Wow. Do you really think that? How do you have control over your money once you hand it over? Answer for me this big question:
Why should you pay for something you do not receive?
When you get used to this, you then fail to notice that your money is used for other things. It has already happened to you in tax programs and in medical care.
Radwaste at March 19, 2010 3:30 AM
Sabrina: "If health care is so great in Canada, why did Premier Danny Williams come down here to get treatment for his heart condition J, Jay, and Dax?"
Actually, his heart condition was very solvable up here. Turns out that he went South because he decided he wanted a version of the surgery that's *higher* risk, but when successful leaves a smaller scar.
Most Canadian doctors don't much approve of doing a more dangerous procedure primarily for vanity's sake, and don't do it. Though some would, apparently, consider it for young women (presumably, unsightly boob-regions are a Terrible Thing and more important than the risk of a stroke...)
In short: Mr. Williams could have had the standard *recommended* (by the Society of Thoracic Surgeons, no less) procedure up here without a hitch.
Lauren at March 19, 2010 2:43 PM
Lauren... fair enough. Then why didn't he just come out and say that? Why all the damn secrecy about it?
But I still stand by my sentiment. If he could have gotten the surgery up there, then he should have. I What's good for the Goose, and all that...
Sabrina at March 19, 2010 2:58 PM
I support healthcare reform and the insurance companies have no one to blame but themselves for this. The CEOs did not get into insurance out of the goodness of their hearts. They did it for the mansions, yachts and limousines. If the law allows them away to have you pay in for years and years so they can cut you off when you need them most, they're going to do it. And they do. A friend of friend became HIV positive and predictably lost his insurance..."Gee...HIV is expensive to take care of. We didn't want to...like...pay for anything. Sheesh. What's up with that?"
He now has insurance with the state and pays 1000 a month for it.
I have to hand it to the insurance companies. They did a good job on their shills, instilling fear in them. Here are the scumbaggers...er, I mean "teabaggers"...calling our elected representatives classy names, like "nigger" and "faggot."
Such class acts these teabaggers are! Our Founding Fathers, whose name the teabaggers appropriated, would be so proud.
Patrick at March 21, 2010 4:52 PM
Sorry forgot the link to HuffPo.
Patrick at March 21, 2010 4:53 PM
Patrick -
I've got $100 that says that both of them were plants or were never their and just made up by the media like the person (that was never there) who (didn't) yell "kill him!" at some Palin event.

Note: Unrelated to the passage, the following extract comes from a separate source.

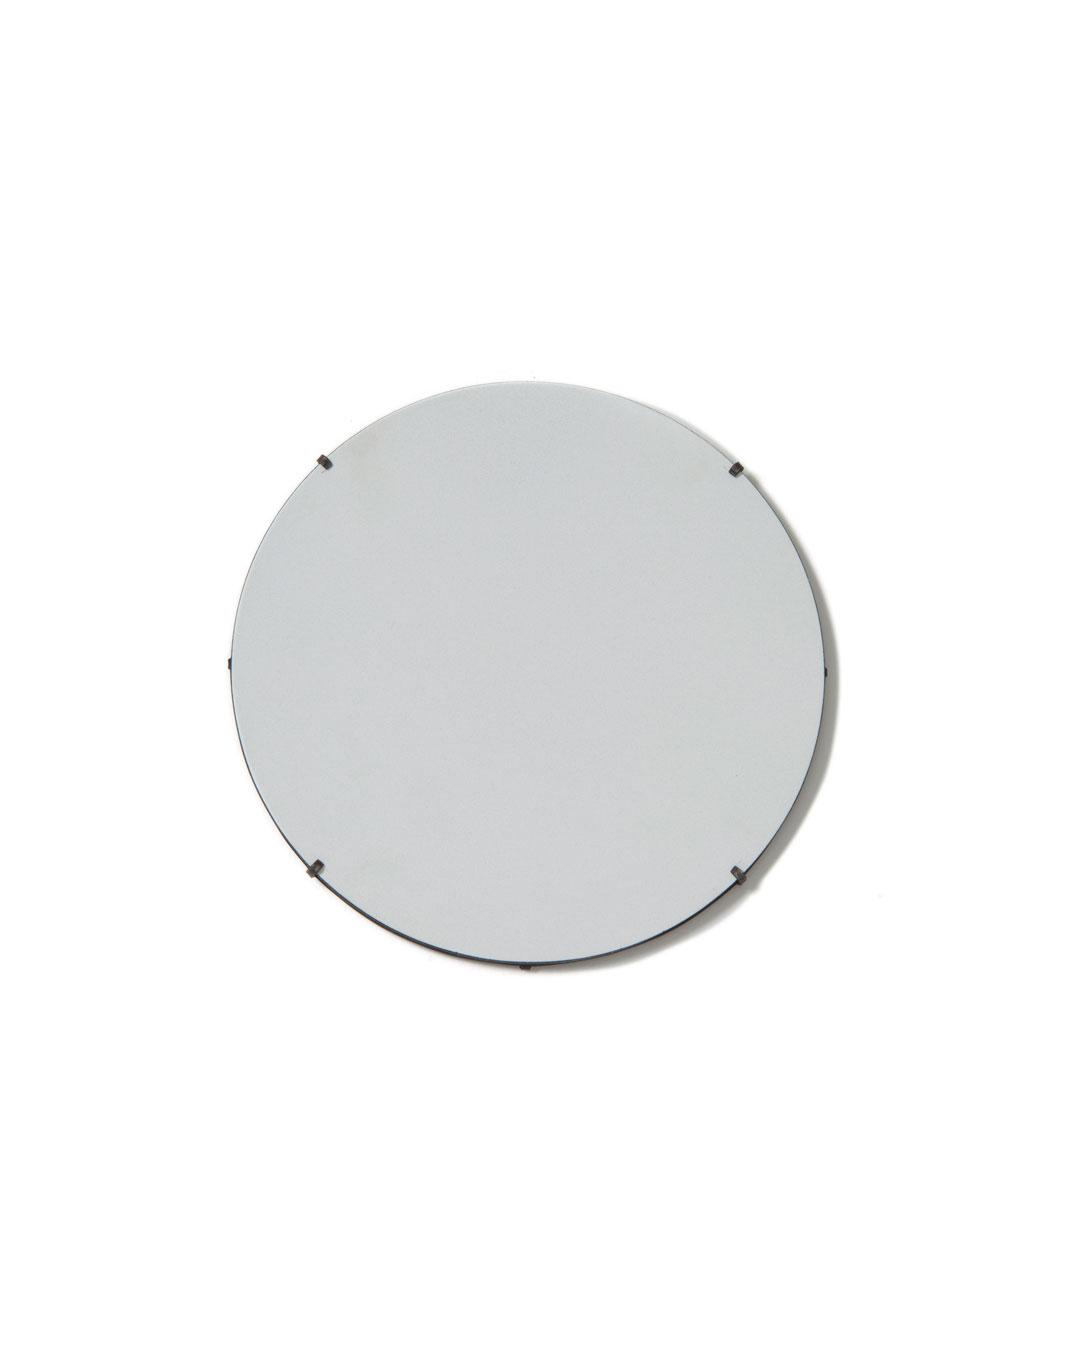 Florian Weichsberger, Warrior #6, 2016, brooch; steel, stainless steel, glass mirror, 120 x 120 x 7 mm, €1060

When the HuffPo/DKos/FDL types can't get their enemies to cooperate with being as evil as they need them to be, they send in the plants.
You know this is true because every time one of their own shoves a shoe store in his face they start accusing Republicans of a false flag operation. And we both know the iron-clad law of liberalism: whatever a liberal accuses you of is something they either did or intend to do to you.
brian at March 21, 2010 8:13 PM
Oh, and Patrick -- once we end up with the progressive's wet dream of universal health coverage merely getting AIDS will be a felony, as will being obese, not wearing a seatbelt, or having sex without a condom.
If you think 20 years hence if the socialists get their way anyone with AIDS is going to get anything but a reserved suite in hospice, you're dreaming.
And I'll be classless shitheel just like those worthless shits on CNBC and ask you this: if I'm a teabagger, how's my balls taste, bitch?
Get used to it. Because the Democratic Party just signed it's suicide letter with this insane bill.